Face set in distaste, Geblick crossed back through the living room, passed a small dirty-looking bathroom, and went into the bedroom, thinking that he might have to pay someone to take the thing off his hands.
Snider’s books — old, dogeared, some with their covers barely hanging on — were in a bookcase made of raw boards and old bricks. An old fashioned iron-framed bed supported a mattress that sagged treacherously. The covers were just as Snider had left them — he’d died halfway from the front door to the street one morning, and they’d found him there.
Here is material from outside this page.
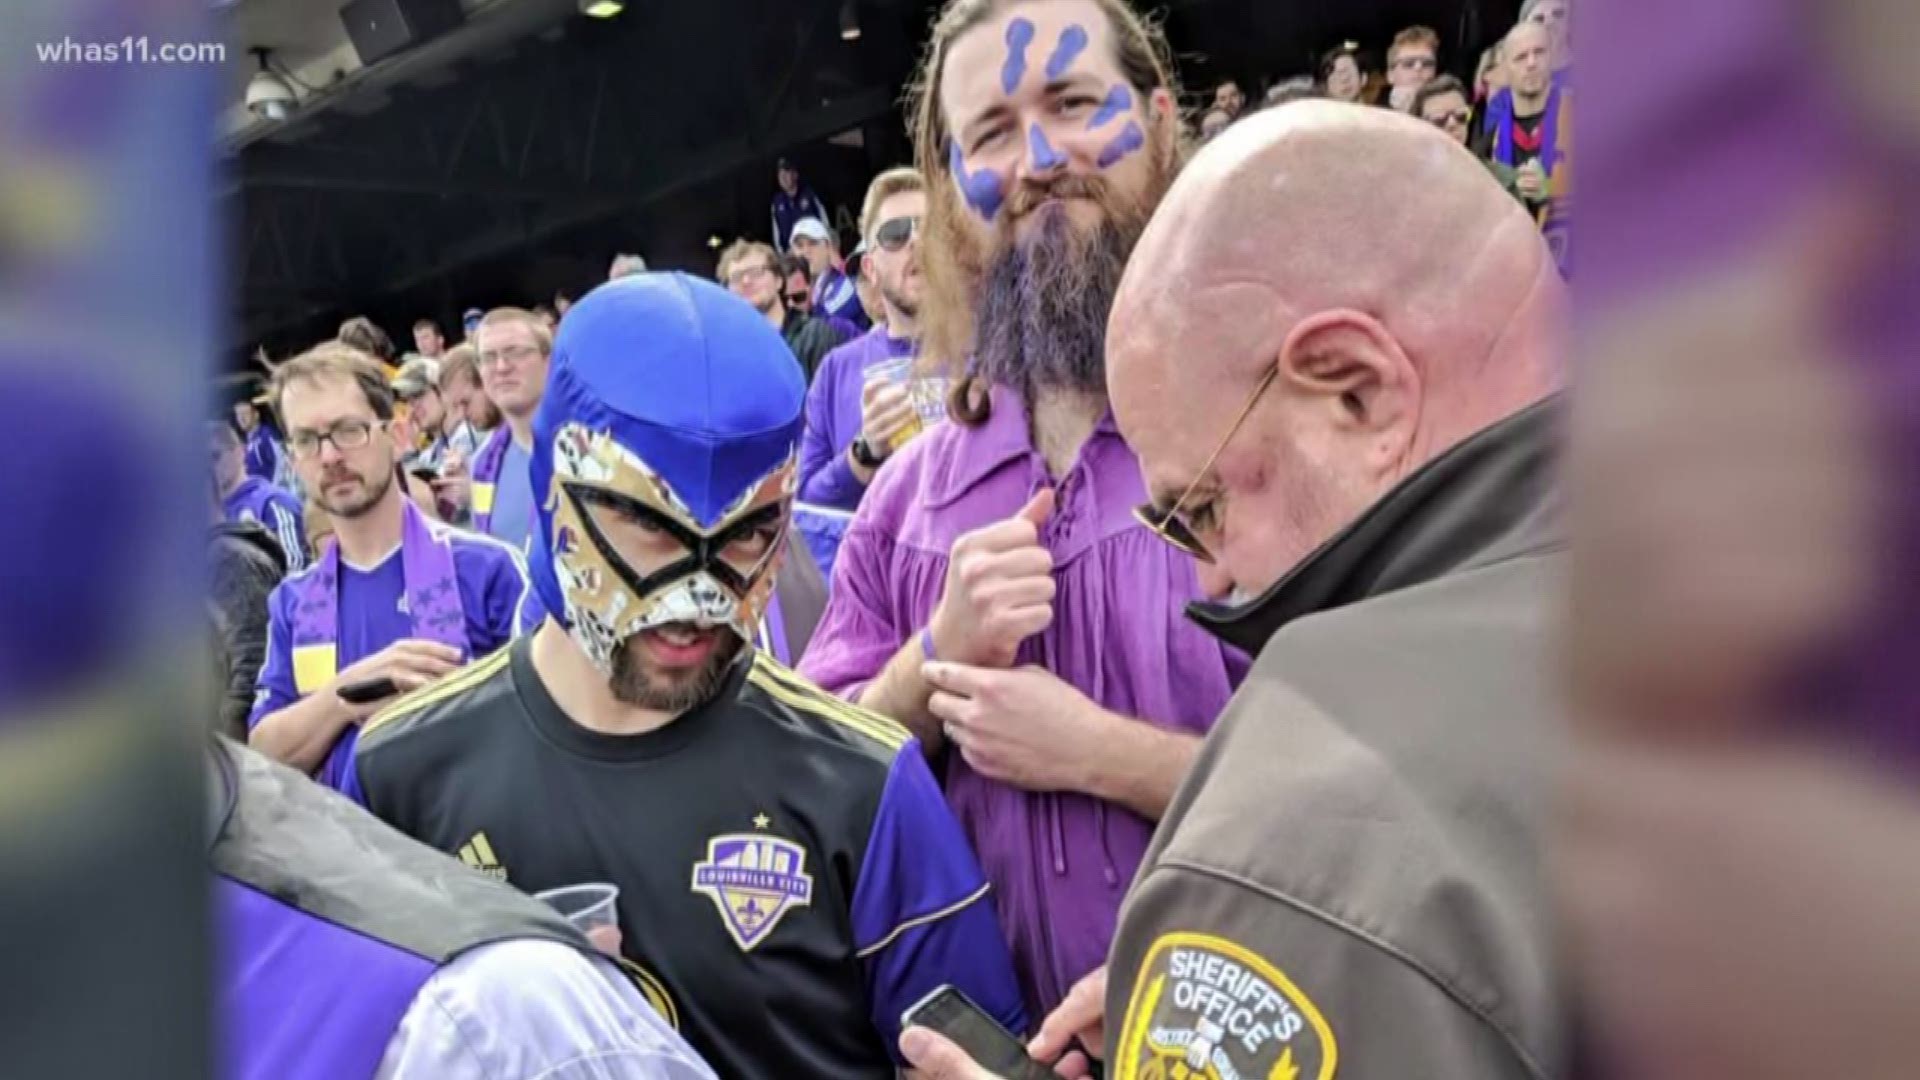 Lou. City soccer supporters told to take off masks during game

Shaking his head, Geblick hooked a huge hand around a corner of the mattress and jerked it up. The action was a secondary response as a result of his years of searching bedrooms where people had a predilection for hiding things under mattresses.
Holding the mattress up, he saw a sheet of paper clipped to a twenty dollar bill on the springs. He picked both up and read the black-crayoned message on the paper:
I DID IT, ALL RIGHT, GEBLICK. AND HERE’S PROOF. IF YOU WANT THE REST, FIND IT.
Geblick read the message twice, laboriously. Then he ran out to his car where he still had a list of serial numbers the bank had produced after the money had been stolen. He ran a thumbnail along the numbers until he found the one that matched the one on the bill.
Geblick had put in for his vacation in the fall, but he had the seniority to request and get a change.
Carrying tools purchased from a hardware store, as well as a suitcase, he returned to the house he’d just inherited. He straightened the furniture, dusted, then swept the rug. He washed the dishes in the kitchen. He stripped sheets from the bed and carried them to a laundromat on the corner. As the washer went to work, he returned to the house and carefully squeezed every inch of the mattress. He searched through the few pieces of worn clothing Snider had left in the closet. Then he went back to the laundromat where he put the washed sheets in a dryer. While that operation was being completed, he sat in a metal chair, staring straight ahead.